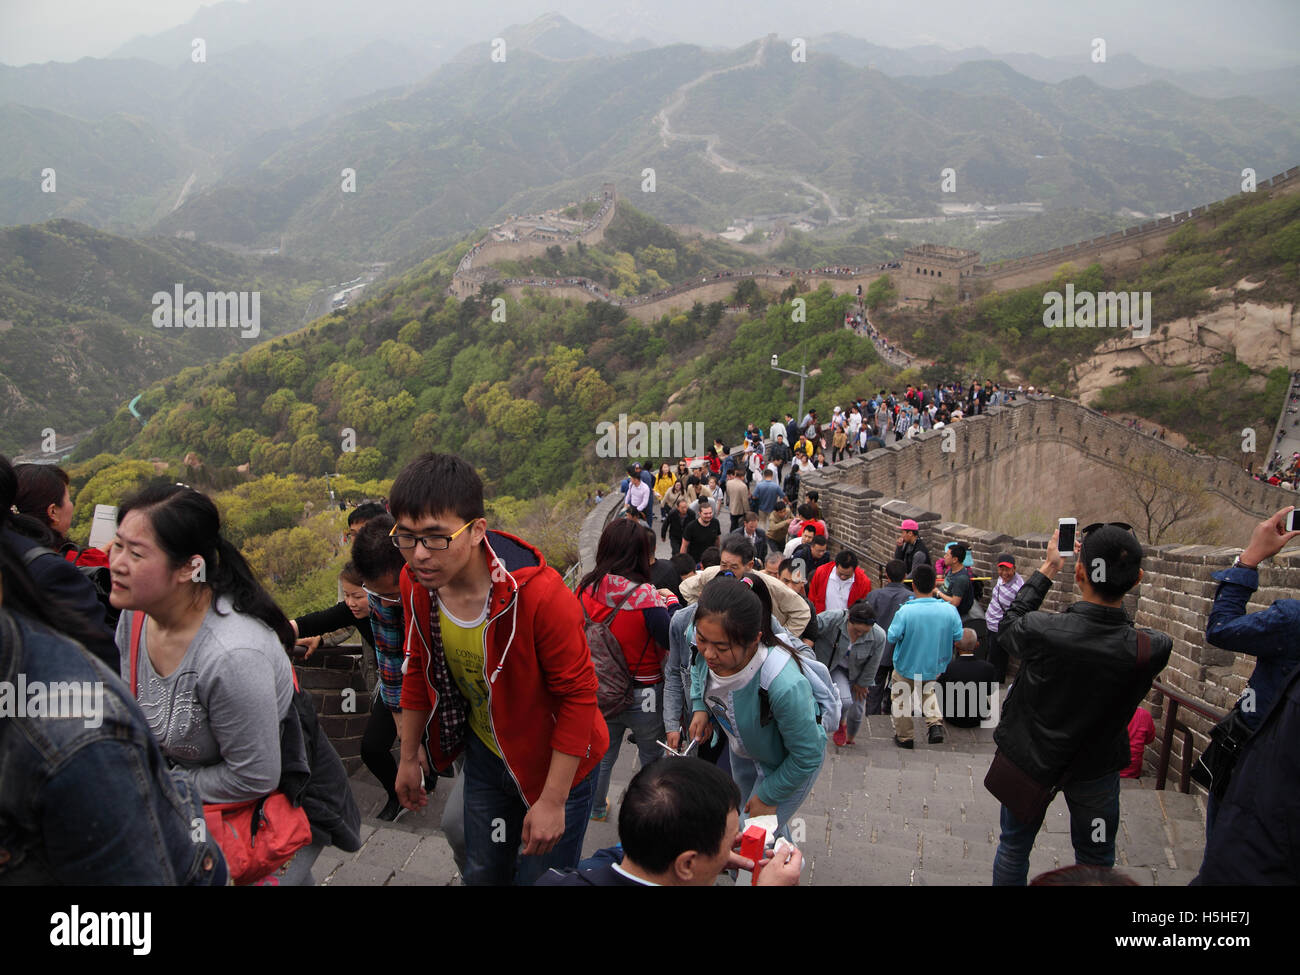 Thousands of tourists, some take photos with smartphones, climb the Great Wall of China going along the rugged mountains. Badaling near Beijing, China. Stock Photo
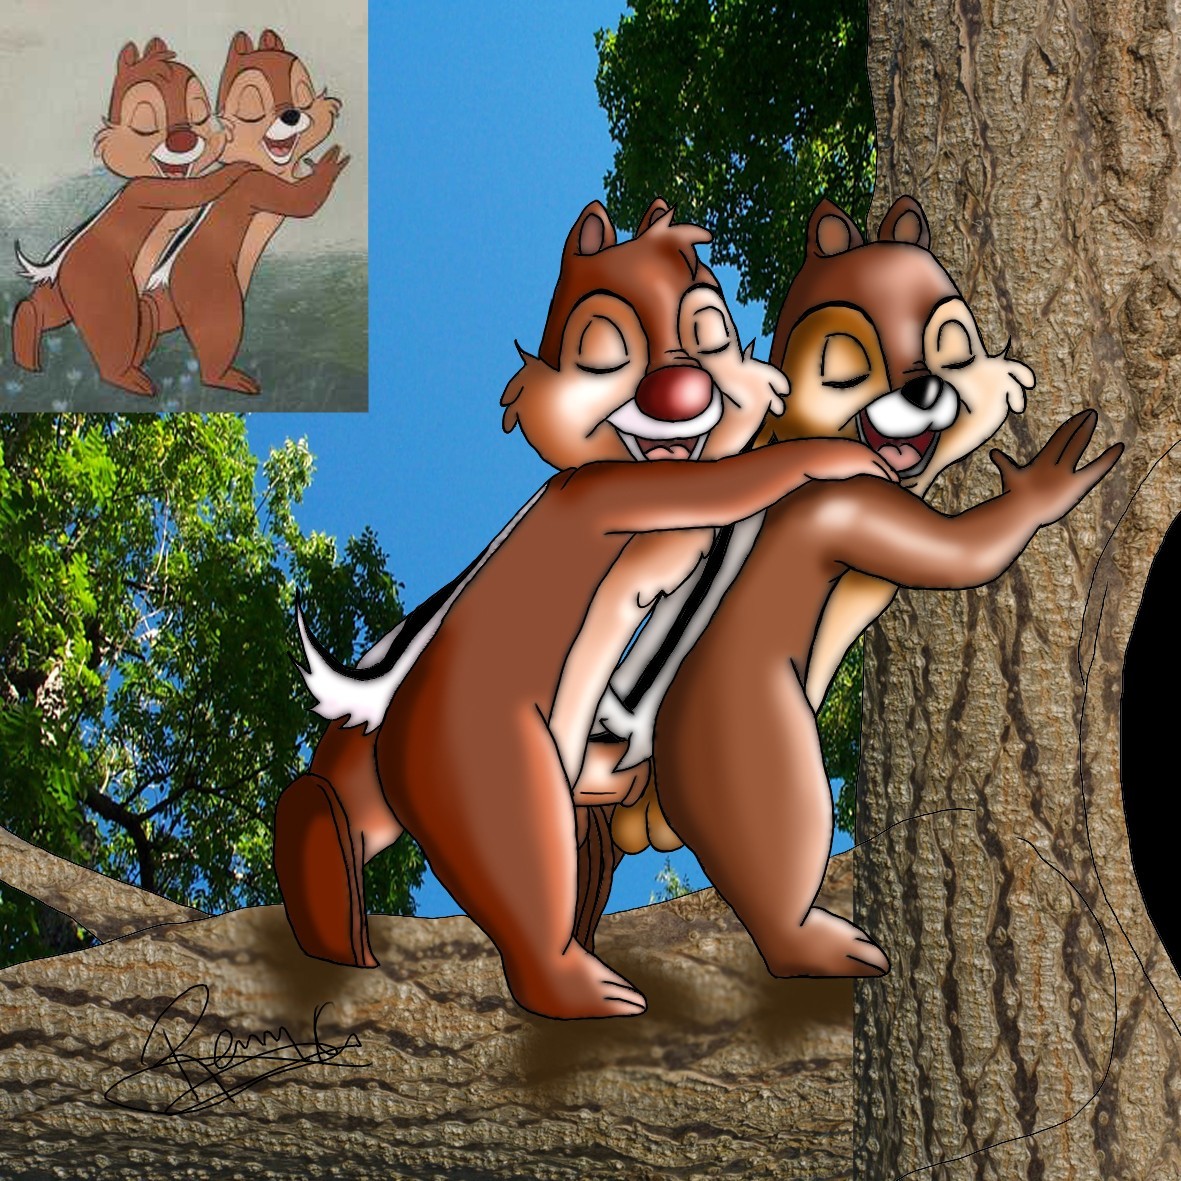 Chip and dale gay porn
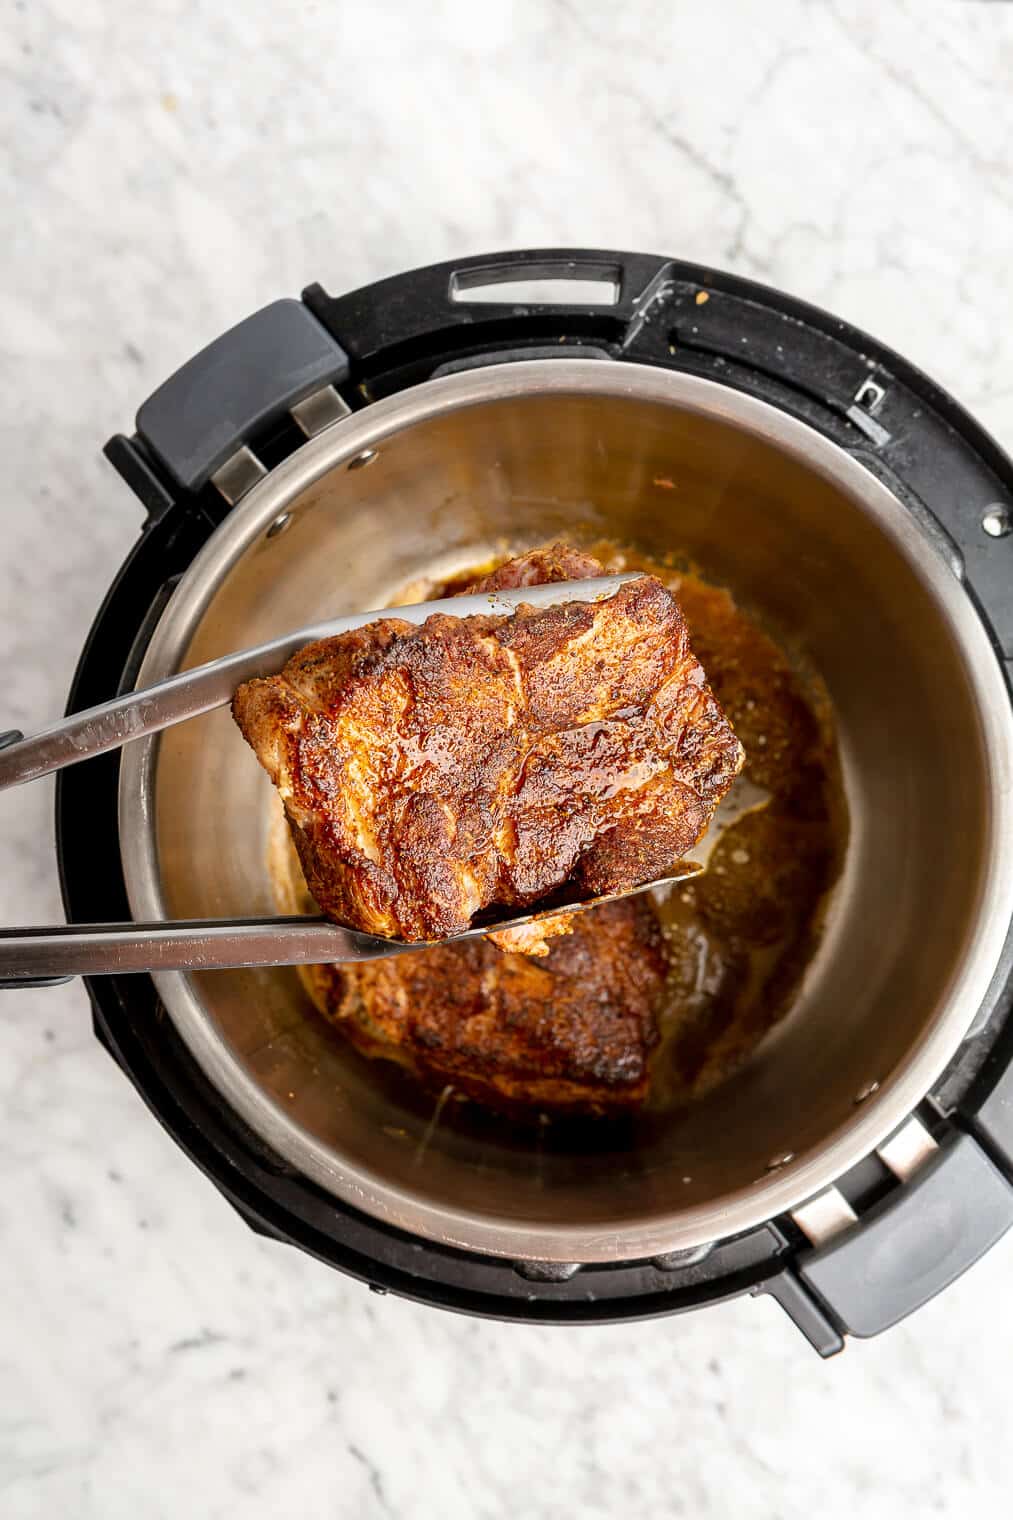 Pork shoulder that has been seared in an instant pot.

-----

§ **Activity**: Any picture in the listing above gets left out; output the rest exactly.

§ **Finished exercise**:
 Thousands of tourists, some take photos with smartphones, climb the Great Wall of China going along the rugged mountains. Badaling near Beijing, China. Stock Photo
 Chip and dale gay porn
 Pork shoulder that has been seared in an instant pot.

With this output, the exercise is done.